Ruins est un monde indescriptible. Yoshida en est le batteur, concepteur, gourou, visionnaire, magicien, manipulateur et maître total. Il monte ce projet en 1985 dans l’espoir d’en faire un power trio. Il lui faut donc un bassiste, qu’il trouve, et un guitariste, qui ne se pointera jamais aux répétitions. Qu’importe, le trio devient duo et s’enfonce dans une musique expérimentale qui est au rock progressif ce que le canon laser est à la bombarde : un truc hallucinant, avant-gardiste à fond, ultra-technique et hanté par une folie créatrice irrépressible. Durant la vingtaine d’années d’existence de Ruins, quatre bassistes se succèdent : Hideki Kawamoto, Kazuyoshi Kimoto, Ryuichi Masuda et enfin Hisashi Sasaki. Les albums s’insinuent également dans le monde moderne, avec une chance quasi nulle de faire un impact commercial : « Ruins » (le premier EP de 1986), « Ruins II » (1987), « Ruins III » (1988), « Stonehenge » (1990), « Burning stone » (1992), « Graviyaunosch » (1993), « Hyderomastgroningem » (1995), « Refusal fossil » et « Vrresto » (1998, les albums les plus emblématiques), « Symphonica » (1998), « Pallashtom » (2000) ou « Tzomborgha » (2002).
Ruins n’est pas le seul projet dans lequel Tatsuya Yoshida est actif. Il s’implique dans une vingtaine de groupes tout au long de sa carrière. Son jeu de batterie est phénoménal, usant de la polyrythmie à outrance et repoussant cette technique complexe dans des espaces encore insoupçonnés.

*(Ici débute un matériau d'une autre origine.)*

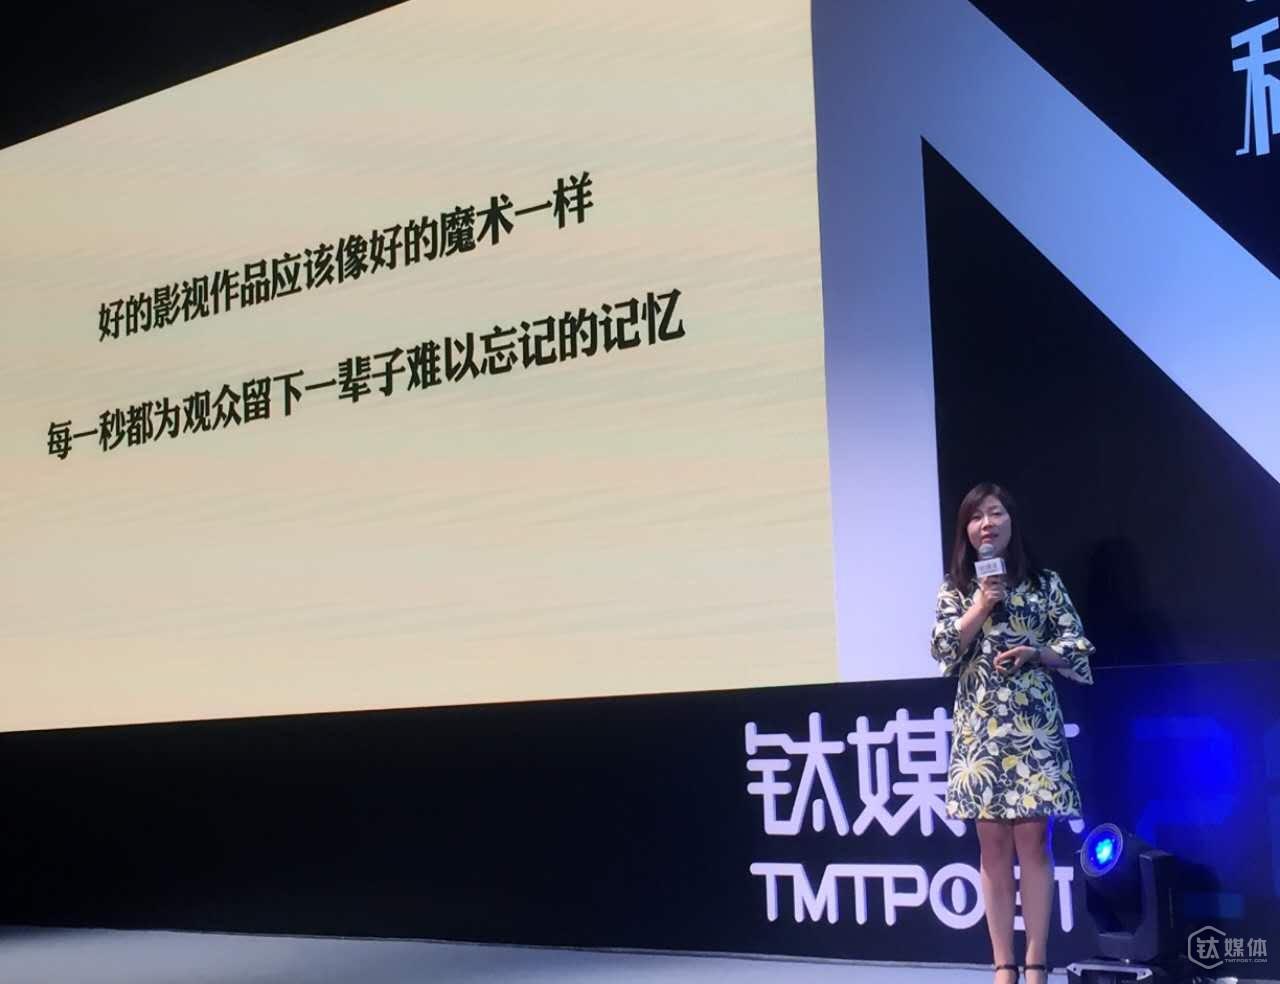 优酷土豆网剧 、网络大电影负责人袁玉梅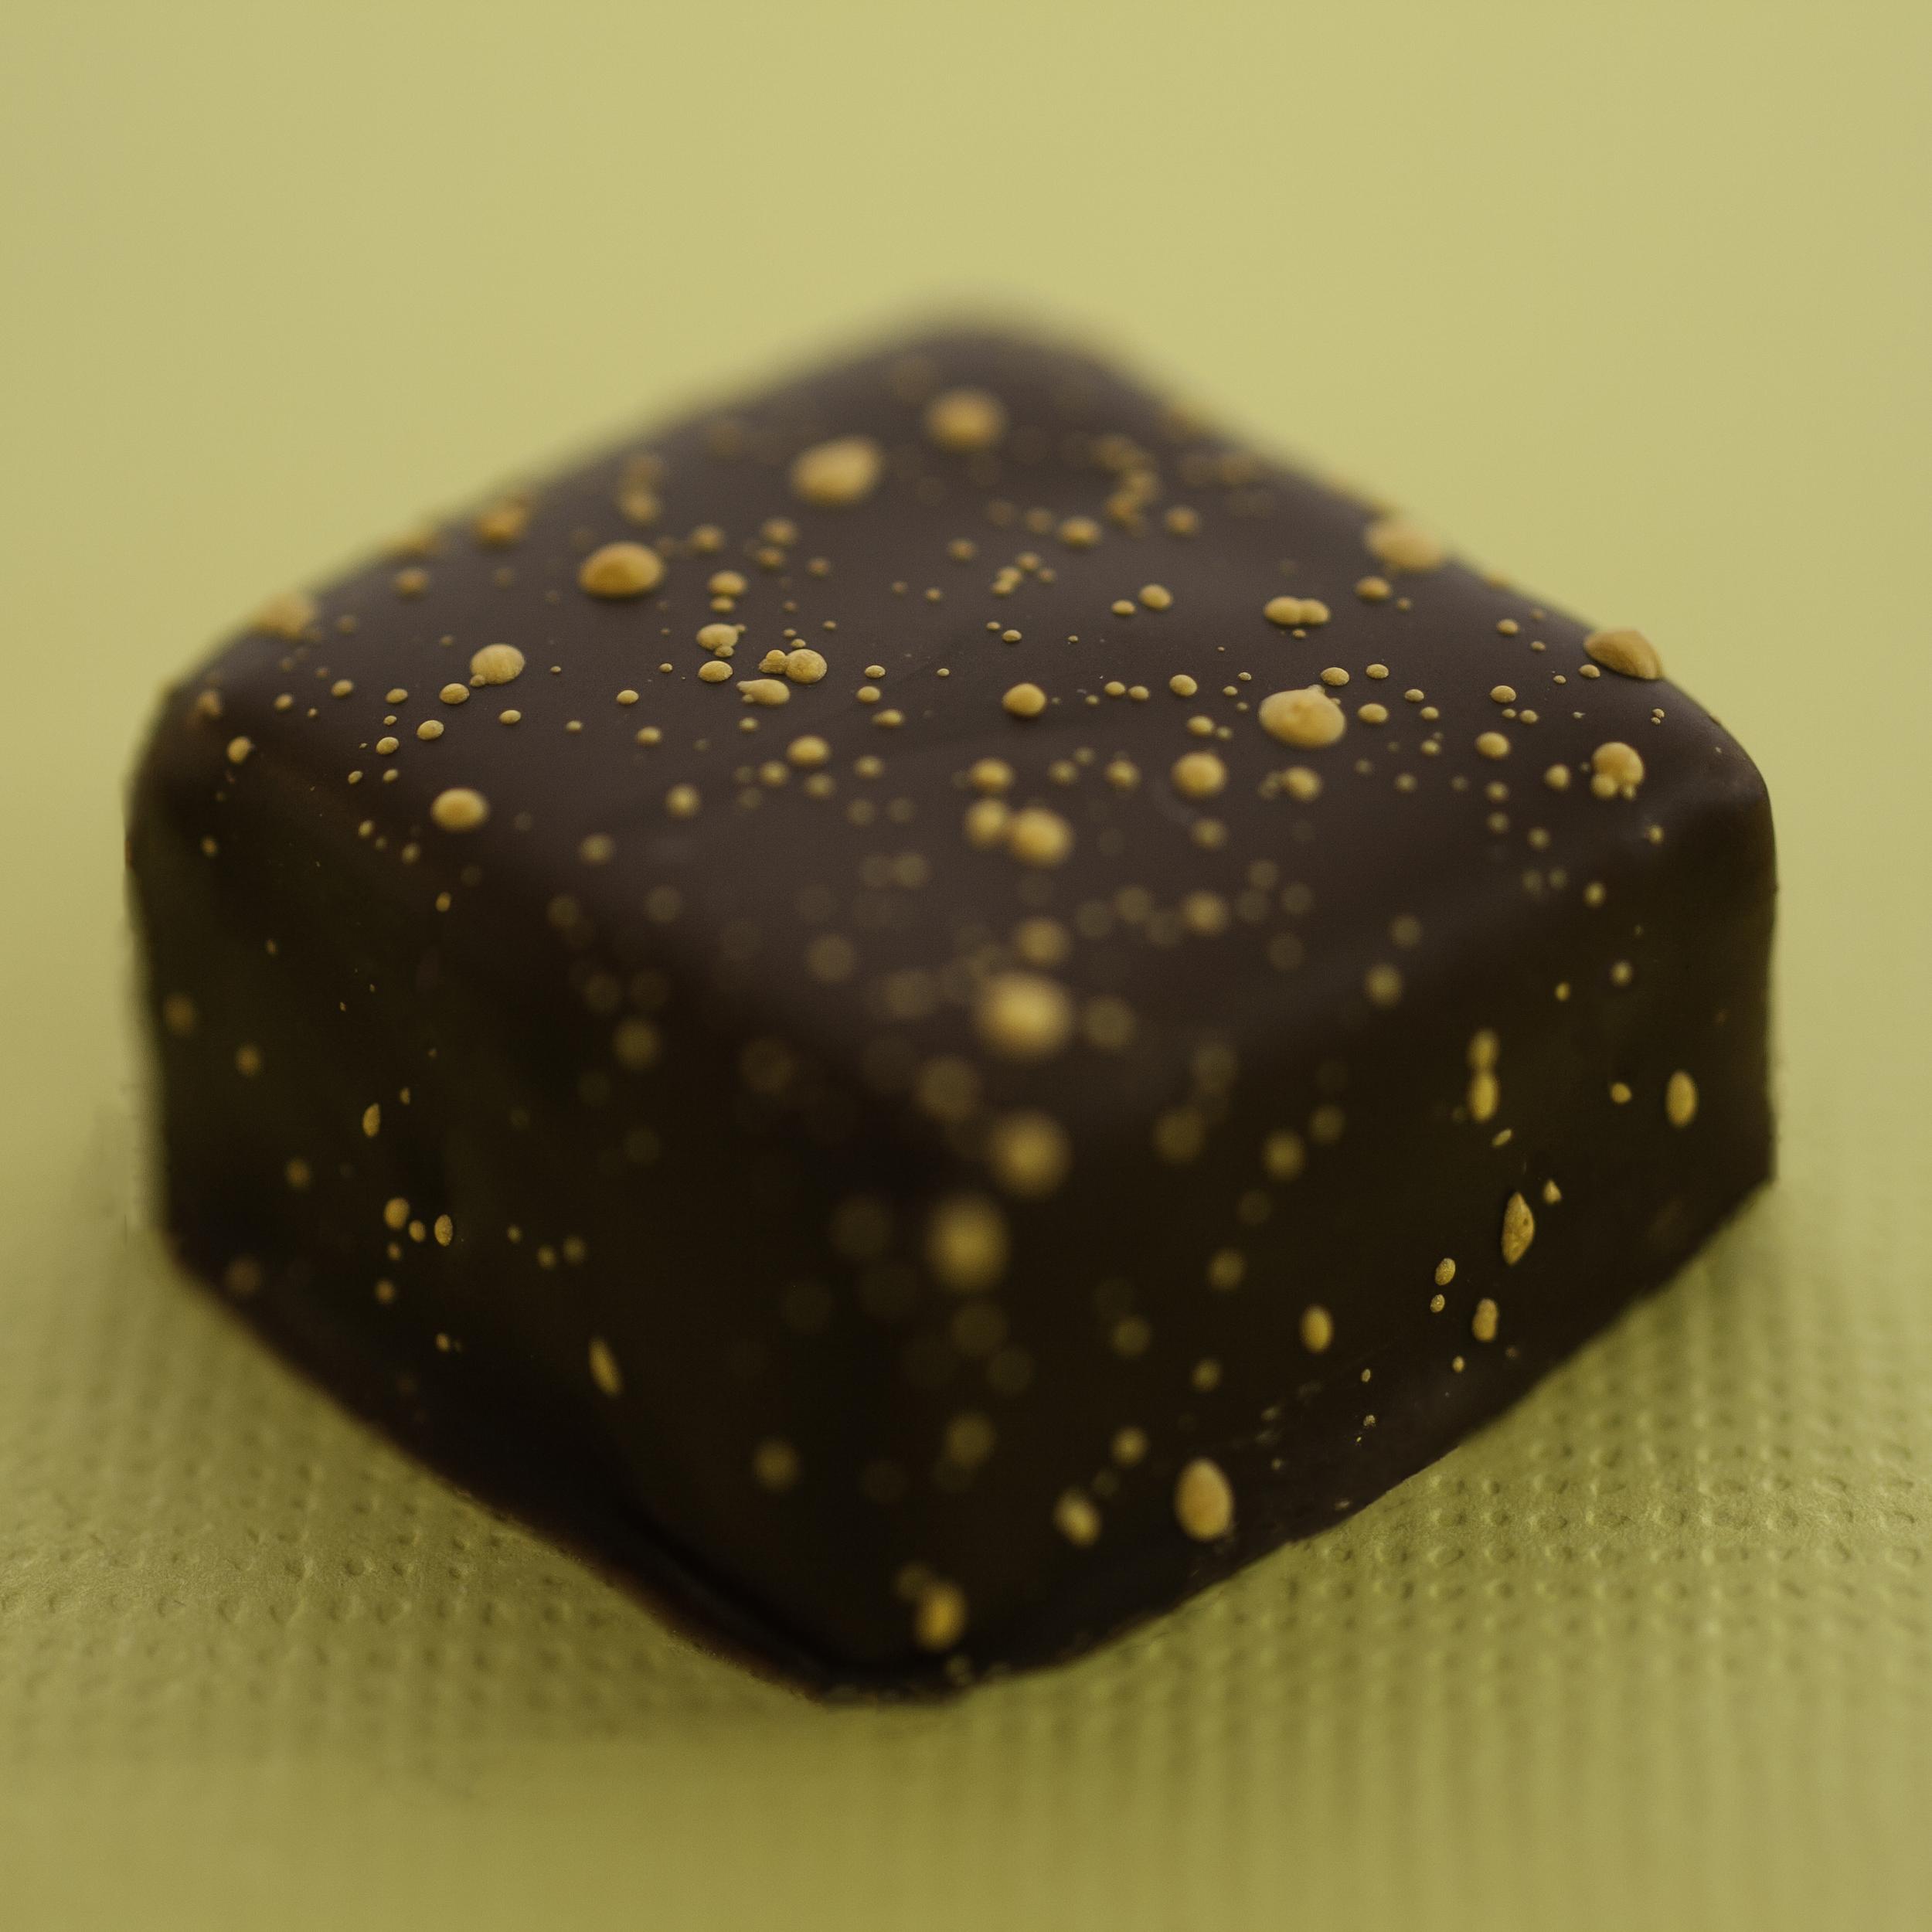 Sort sol temperchokolade

On reconnaît des influences classiques chez ce monsieur : Emerson, Lake & Palmer et surtout le Magma de Christian Vander, qui reste l’influence principale avec un jeu de batterie tentaculaire, rapide et furieux, couplé à des paroles dans une langue inconnue qui rappelle le fameux Kobaïen utilisé dans Magma.
Yoshida avait mis fin à la carrière discographique de Ruins en 2004, se contentant de jouer sa musique sur scène en tant qu’artiste solo sous le nom de Ruins Alone, changeant de bassiste au gré des villes visitées. Ce n’est qu’en 2010 que Yoshida se décide à préparer un nouvel album de Ruins, qu’il baptise « Alone » et qui est sorti à la fin de l’année dernière. J’avertis tout de suite : réécoutez l’intégrale de Magma et de Frank Zappa, ainsi que les œuvres d’Acid Mother Temple avant d’aborder ce « Alone », car ça va secouer un peu les neurones du point de vue de la vision musicale. Yoshida propulse l’auditeur dans un accélérateur de particules sonores nerveuses et épileptiques. Une vingtaine de pièces courtes de une à trois minutes de durée s’abattent en rafales sur les tympans, avec une batterie démentielle qui concasse les rythmes en petits morceaux et les retourne dans tous les sens. Le chant outré et lyrique projette des onomatopées incompréhensibles, les ambiances sonores changent toutes les dix secondes, les structures mélodiques sont secouées comme un cow-boy sur le dos d’un taureau fou en plein rodéo. Frank Zappa ressemble à côté de ça à un chanteur de ballades napolitaines.
Archifou, inepte, incontrôlé et génial, cet album réinvente le progressif en lui donnant une dimension insensée, le baignant dans un jus technique ultra-concentré et le propulsant en même temps dans une dimension avant-gardiste qui semblait avoir disparu de la musique contemporaine. Une baffe énorme, mais pour comprendre tout ça, il vaut mieux avoir un permis de conduire une fusée intergalactique.
Le disque contient trois bonus, dont les amusants « Progrock » et « Hardrock » qui révèlent chacun un florilège des riffs prog et hard les plus classiques de l’histoire. Une excellente opportunité pour un blind test.